Estate of Jobson

I dissent. In my opinion the true principles governing the construction and application of statutes providing for the adoption of children is that the natural relation and the laws governing it, are thereby altered and affected only so far as the statute of adoption by its terms declares or provides, either expressly or by necessary implication, and no farther. Like an invading force upon a hostile domain, it prevails and controls only so far as its lines extend. Beyond those limits all remain under the original control.

The Newman case (75 Cal. 213, [16 P. 887]), declaring that an adopted child inherits from the adopting parent, the Johnson case (98 Cal. 536, [21 L.R.A. 380, 33 P. 460]), *Page 319 holding that such child is entitled, as an heir, to administer on the adopting parent's estate, and the Winchester case (140 Cal. 468, [77 P. 10]), that the child's share is exempt from inheritance to the same extent as that of a natural child, all depending on the same principle of heirship, go to the extreme verge of the invading force of the adoption statute. The reason for these decisions is plain and is found in the statute itself. The descent is cast at the moment of death and the persons on whom the estate then falls are determined by their relationship or kinship to the decedent the instant before his death. The adoption makes the one, legally, a child and the other, legally, a parent, at the time of death. This establishes the status of legal kinship at that time and the results stated by these decisions necessarily follow. These cases, however, do not carry the effects of the adoption to a period after the death of the parent.

The whole purpose and object of the adoption statute is to create, artificially, the relation of parent and child, to provide a status controlling them for their joint lives. That relation cannot last longer than the lives of the two parties to it. When either dies, the relation ceases and there remains nothing upon which the statute under which it was created can operate. The relation has served its purpose and has terminated. It has not, as has the natural relation, blood connections through which it may continue to work after it has itself ceased to have a present existence. There is not in the adoption statute a word to the effect that, where the adoption has served its purpose by prevailing over the natural relation during the joint lives of the two parties and has ended by the death of one of them, it shall thereafter continue for any purpose, or that there is to be thereafter any legal or constructive kinship, or mutual rights of inheritance, between the adopted child and the natural kin of the deceased foster parent, or between the foster parent and the natural kin of the deceased child. So far as the statute goes and while the new status lasts, the natural relations are altered, removed, or suspended. But they are not utterly destroyed. The natural inclinations and affections must remain. The statute cannot destroy them. Beyond the limits of the changes effected by the adoption, and after it has terminated, the natural relations should prevail and control, since there are then, in that field, none other. *Page 320 The result should be and would be that, after this termination of the mutual relation, the inheritance from the survivor, upon his subsequent death, will be controlled by the general law of descent and the natural relationship will prevail.
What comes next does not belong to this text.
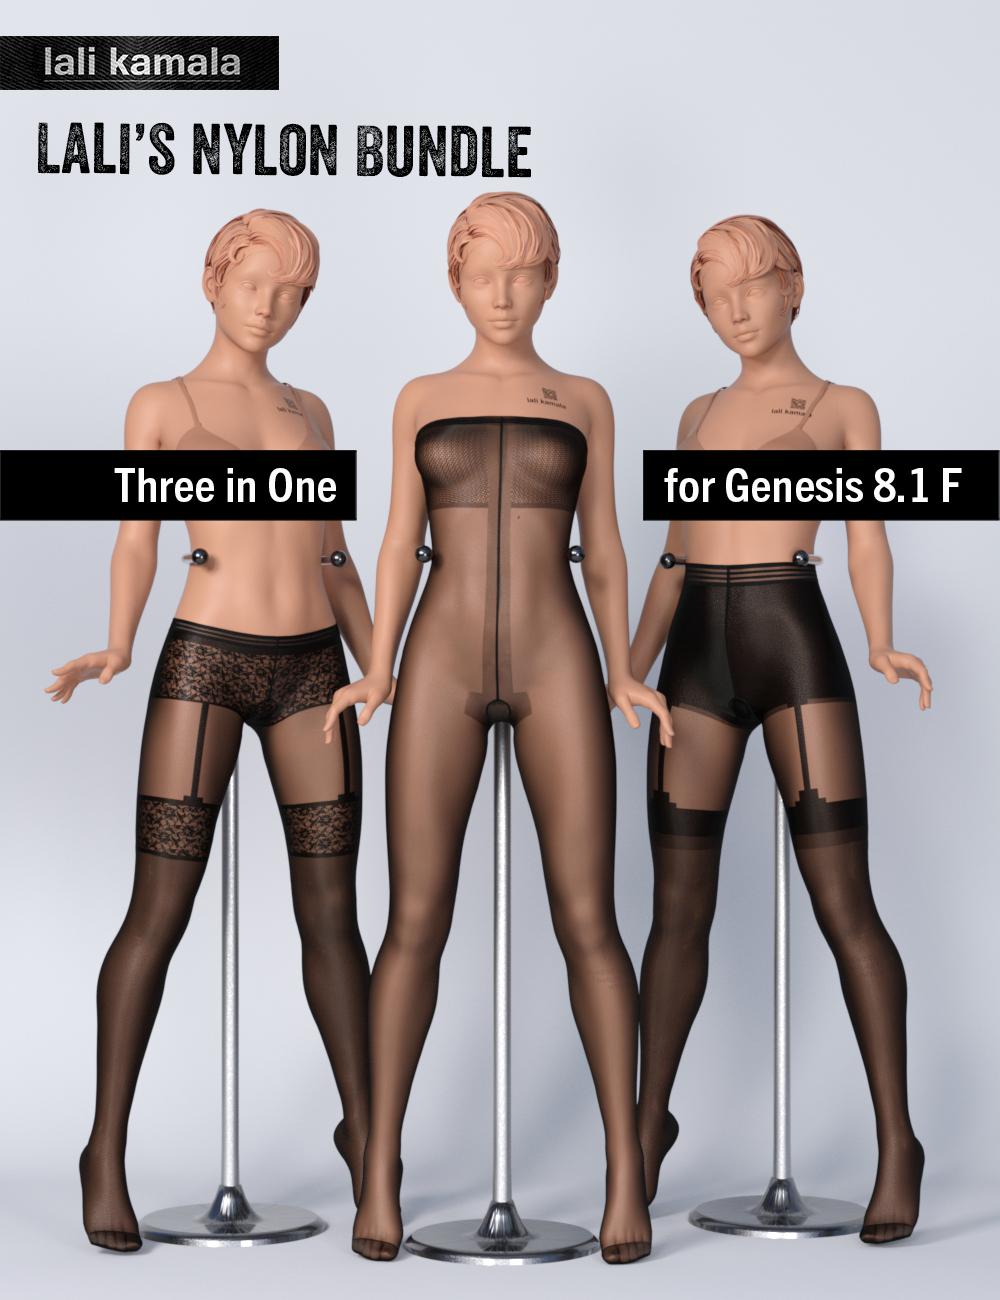 Lali's Nylon Bundle 3 in 1 by: Lali Kamala, 3D Models by Daz 3D

There will be then no artificial relation existing to cause a different course of descent from that to the natural kin.

So far as unjust or inequitable consequences may properly affect the question, it seems to me that the doctrine of the prevailing opinion, including, as it does, the doctrine that the adoption completely and forever removes the adopted child from legal relationship to his blood kin and destroys the mutual relations and rights of each arising therefrom, practically transplanting him into another family, without his consent or wish, unless he happens to be over twelve years old, will cause many more undesirable consequences than the doctrine that the adoption does not affect conditions arising after death has terminated it. If the child is an infant when adopted and the foster parent should presently die, the natural parents would have no legal right to its custody. It would be a waif, a legal orphan. If it should, in after life, accumulate property, and thereupon die without issue or wife surviving, the property would not go to its own kin, but to the family of the long since deceased foster parent. The children of such child would bear no legal relationship to their blood kin, but would belong to the family of the foster parent and would, presumably, inherit from the collateral relatives of that family. The consequences cannot all be foreseen, but these I have mentioned suggest that much confusion and injustice will arise from the rule announced by the court.